Repeat the listing below in full and exactly. Pictures are to be omitted.

DATA BLOCK -

_ _ _

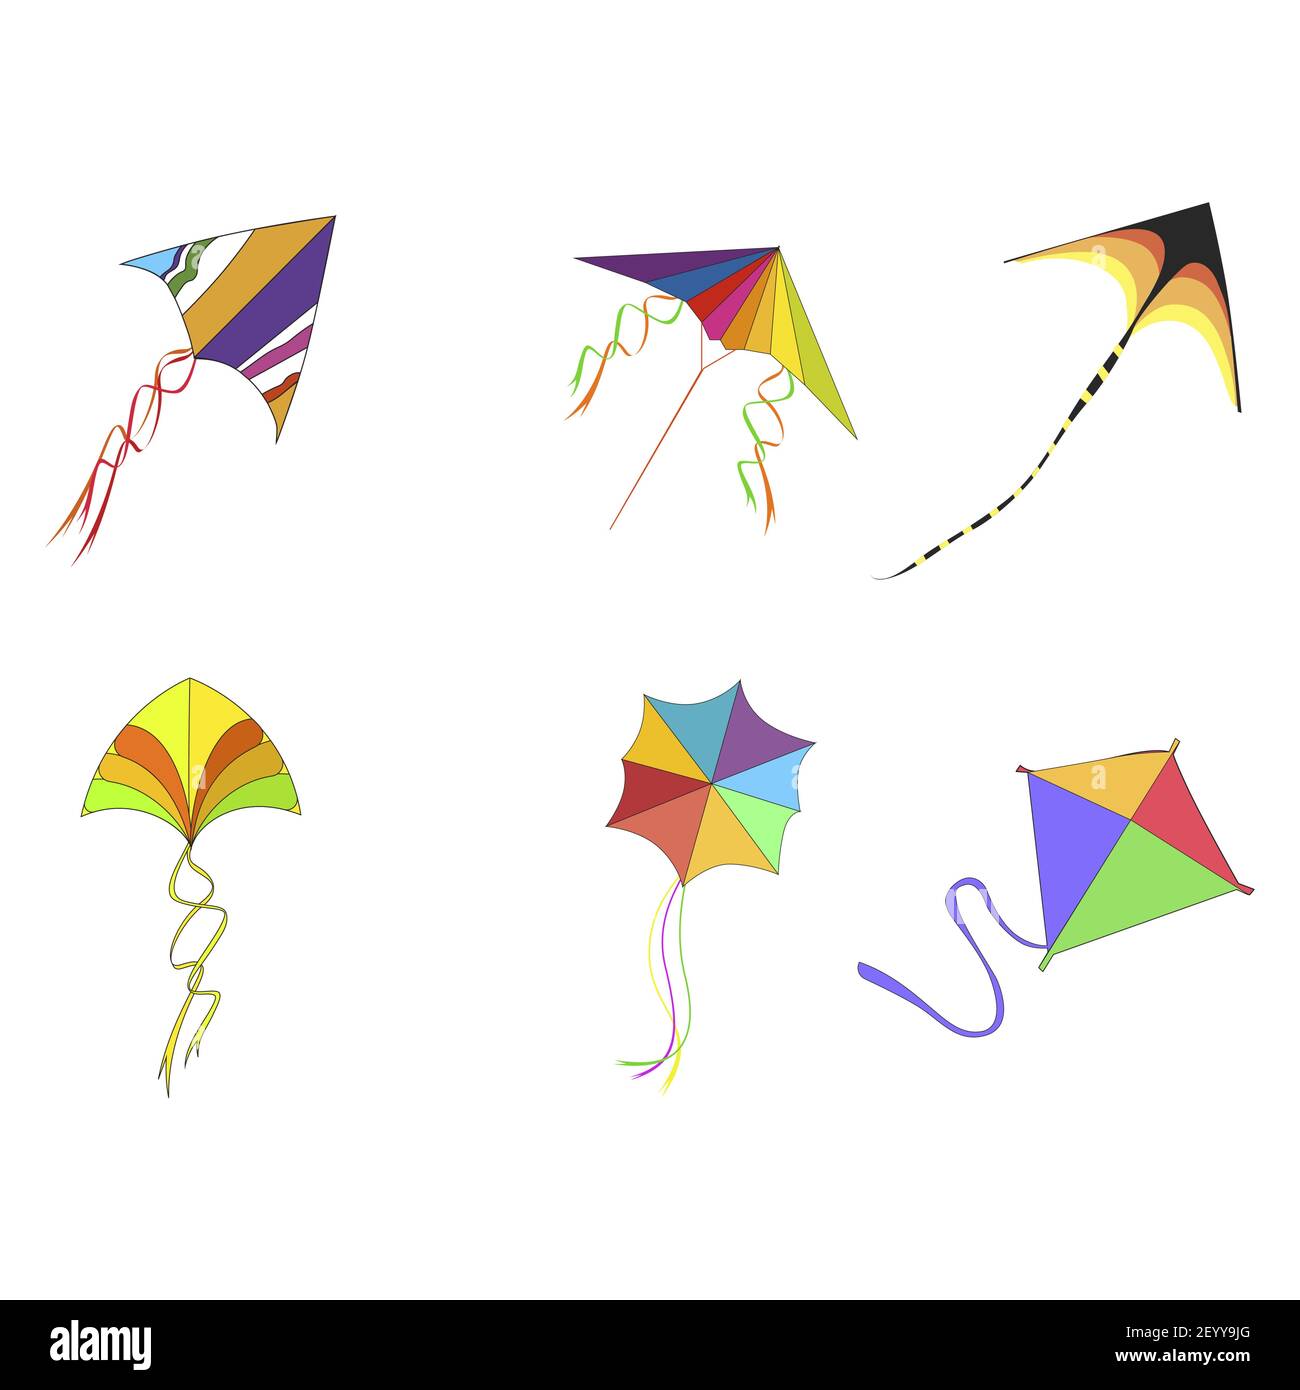 Cerfs-volants avec corde et motif coloré pour jouer aux enfants ou célébrer makar sankranti, activité de plein air dans l'enfance, illustration vectorielle Illustration de Vecteur
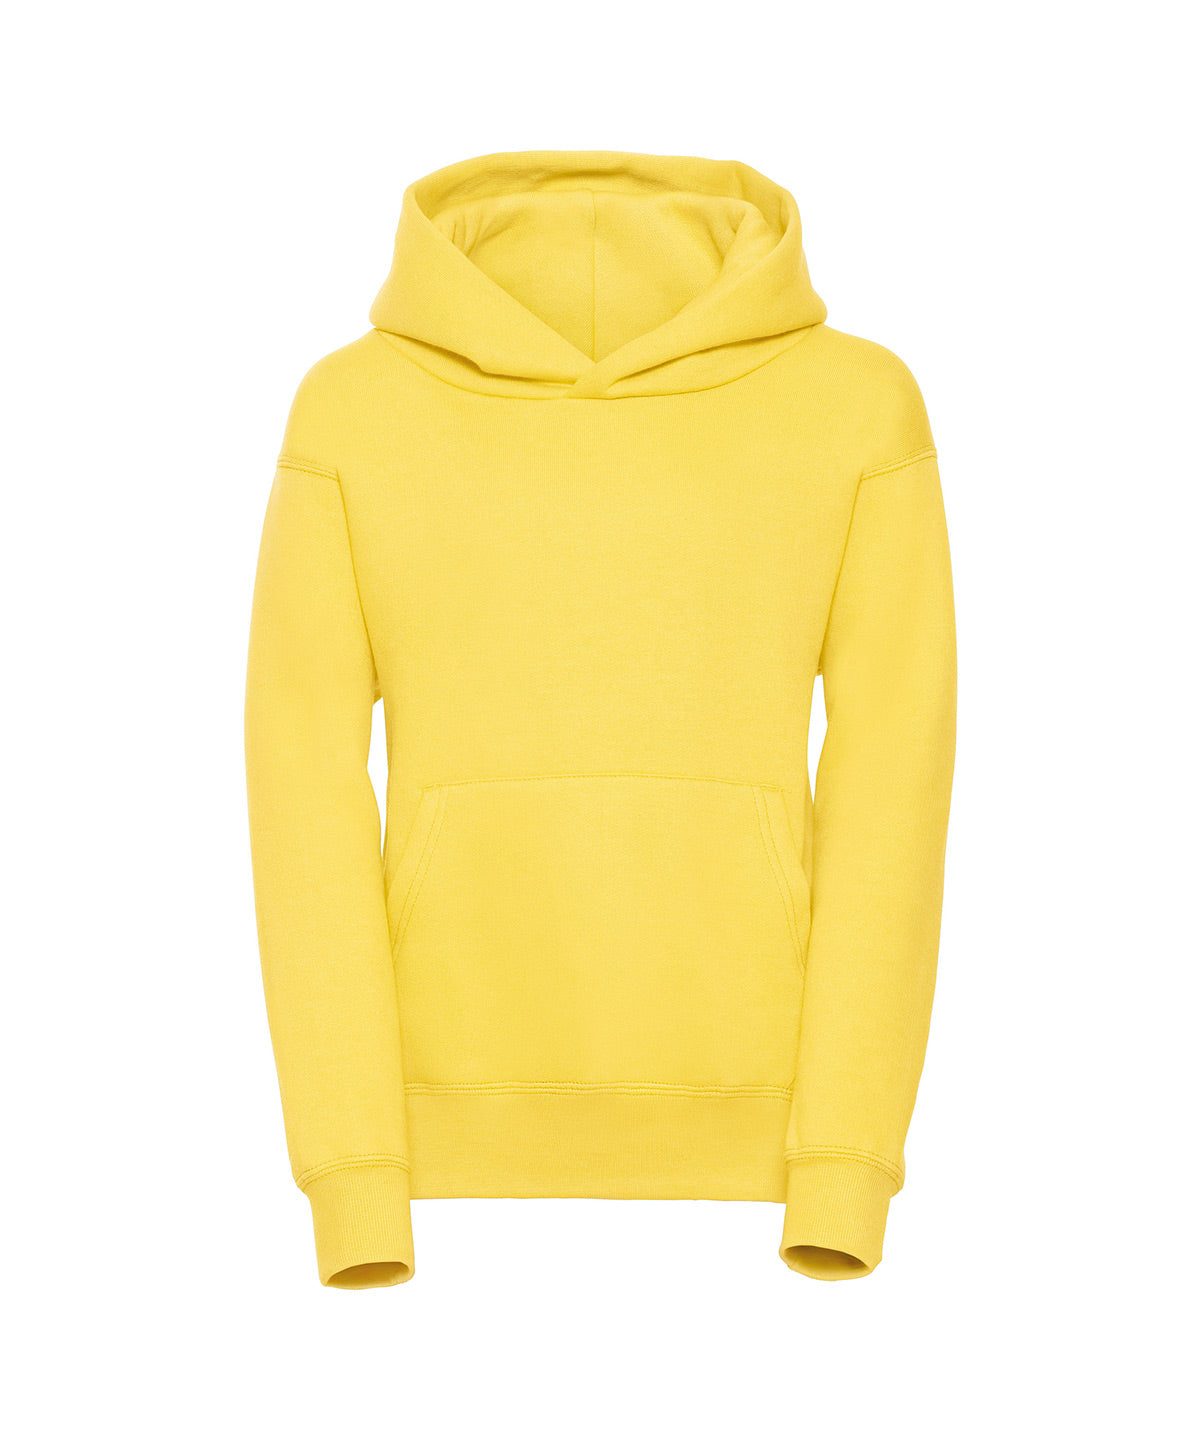 Premium 50/50 hoodie, Jr
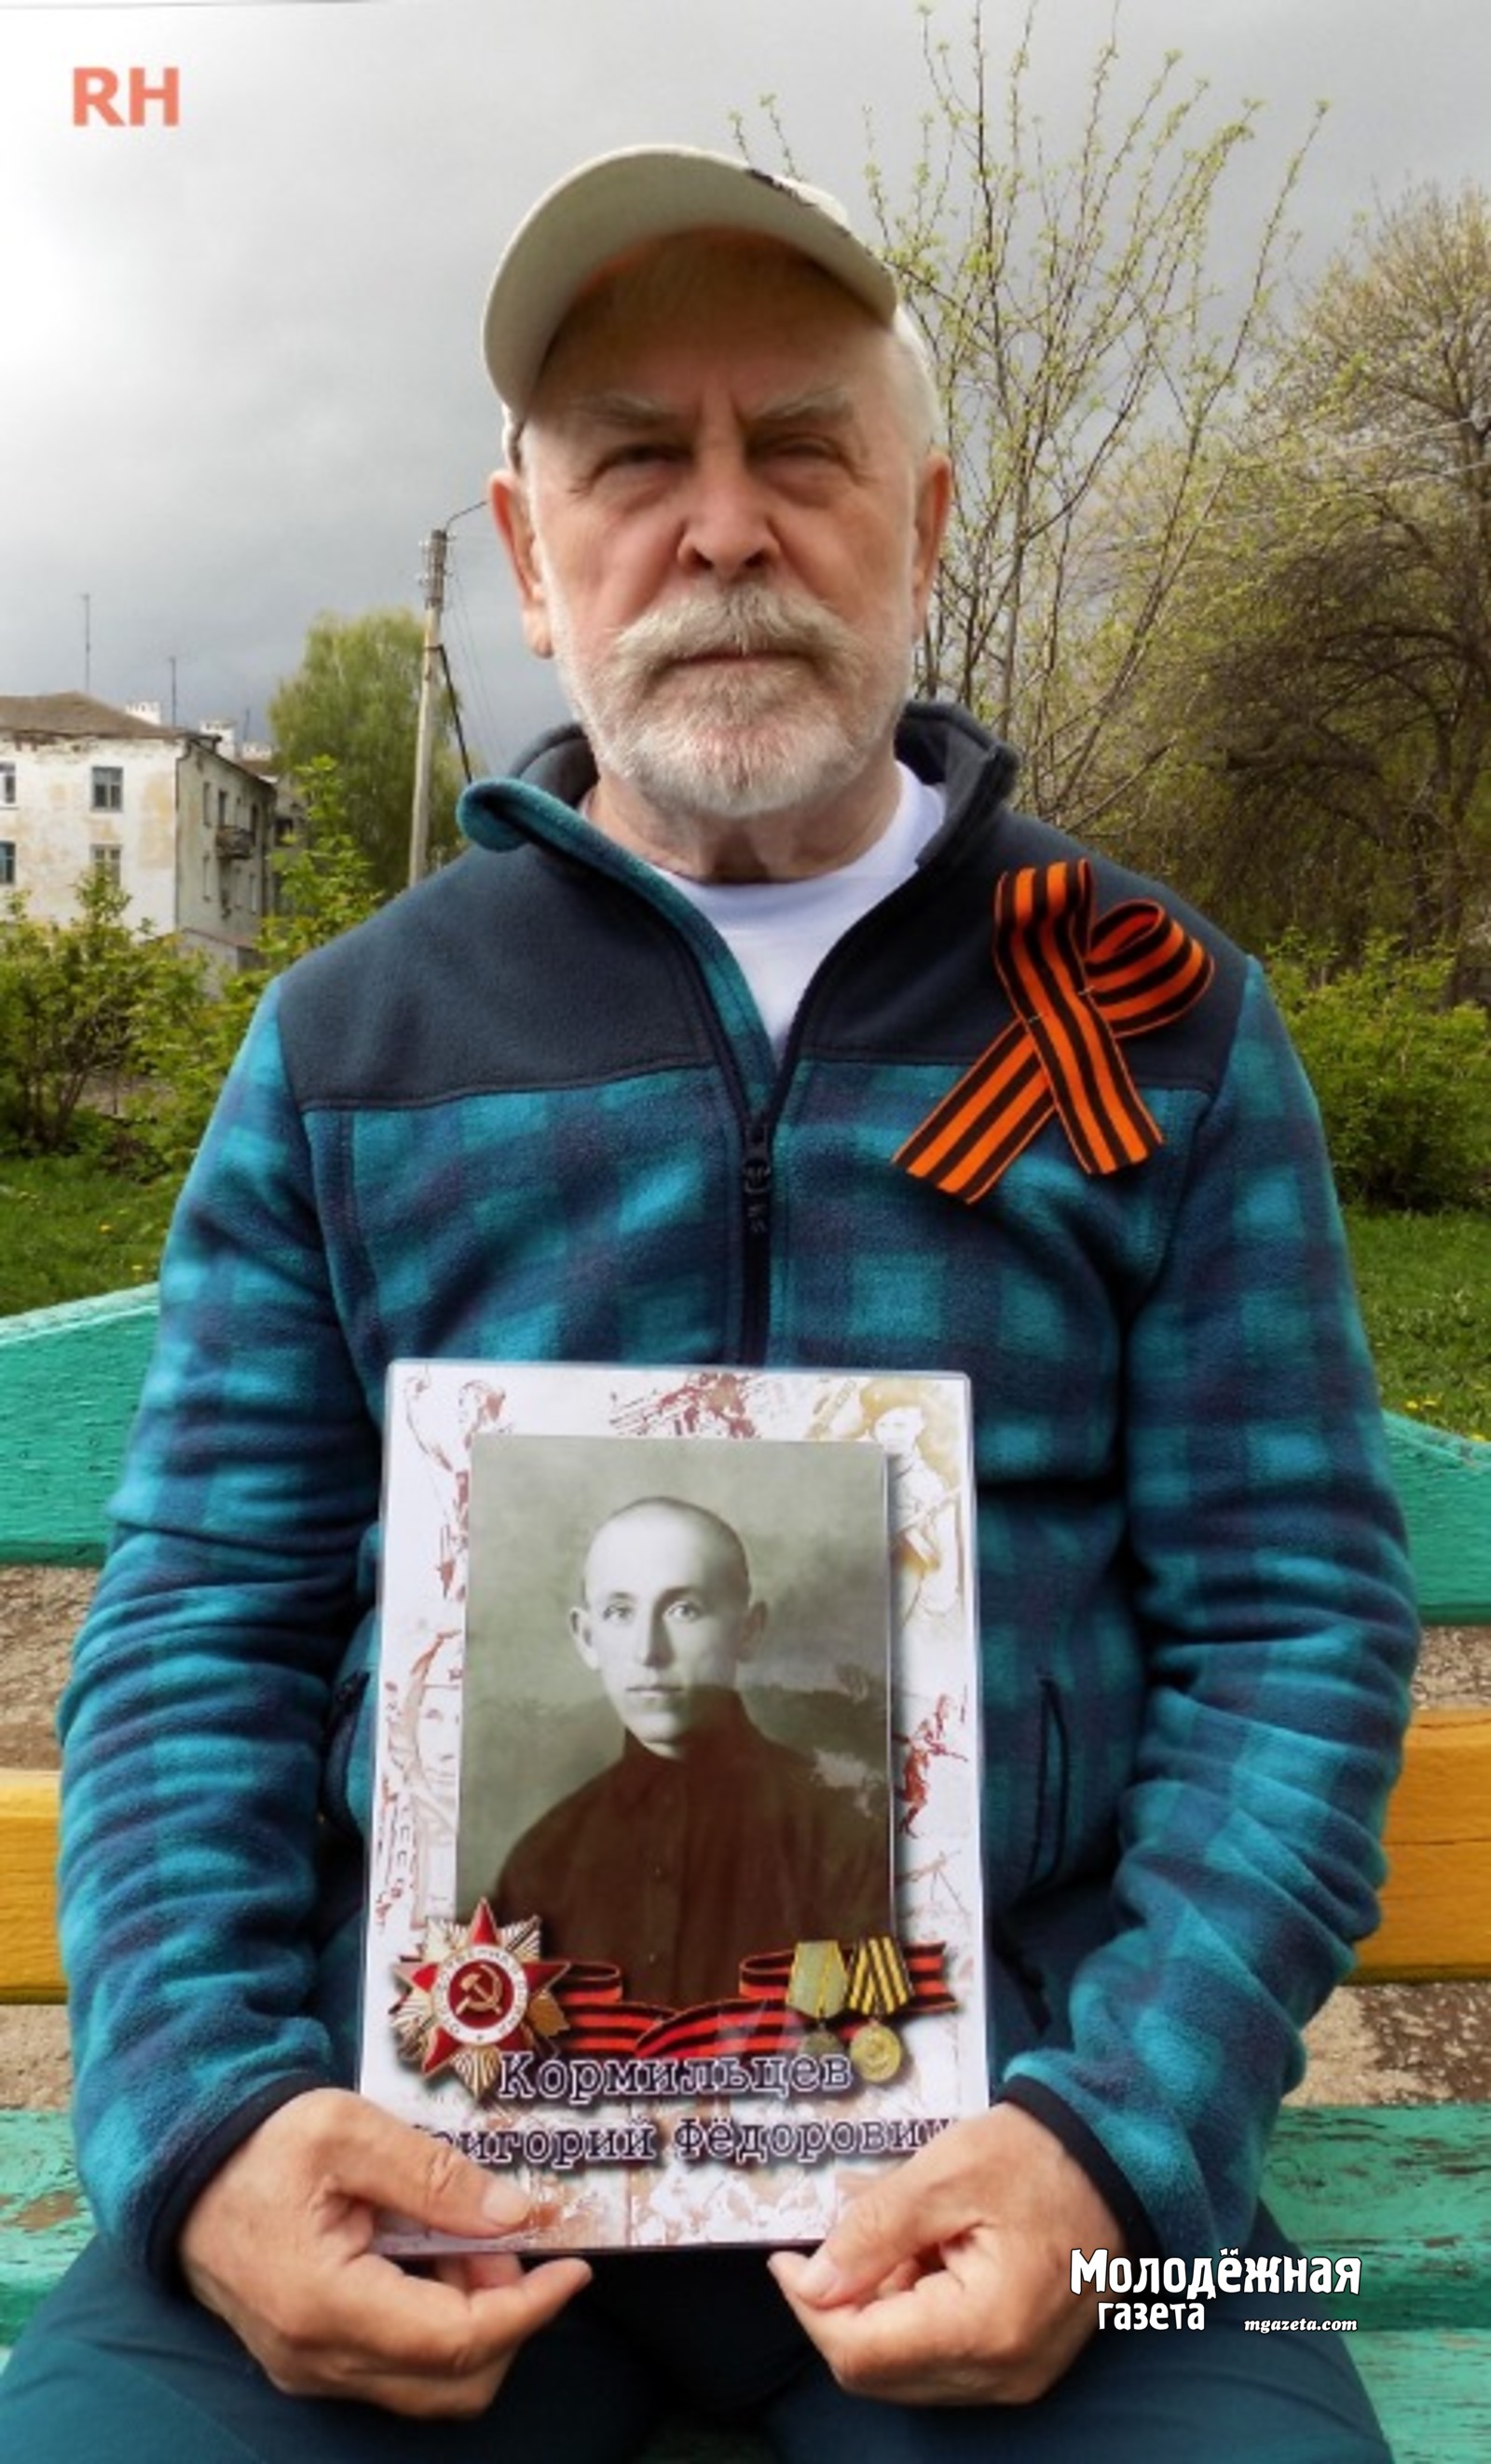 Юрий Кормильцев с портретом отца Григория Федоровича Кормильцева.

_ _ _

SOLUTION FOR THIS TASK -
 Cerfs-volants avec corde et motif coloré pour jouer aux enfants ou célébrer makar sankranti, activité de plein air dans l'enfance, illustration vectorielle Illustration de Vecteur
 Premium 50/50 hoodie, Jr
 Юрий Кормильцев с портретом отца Григория Федоровича Кормильцева.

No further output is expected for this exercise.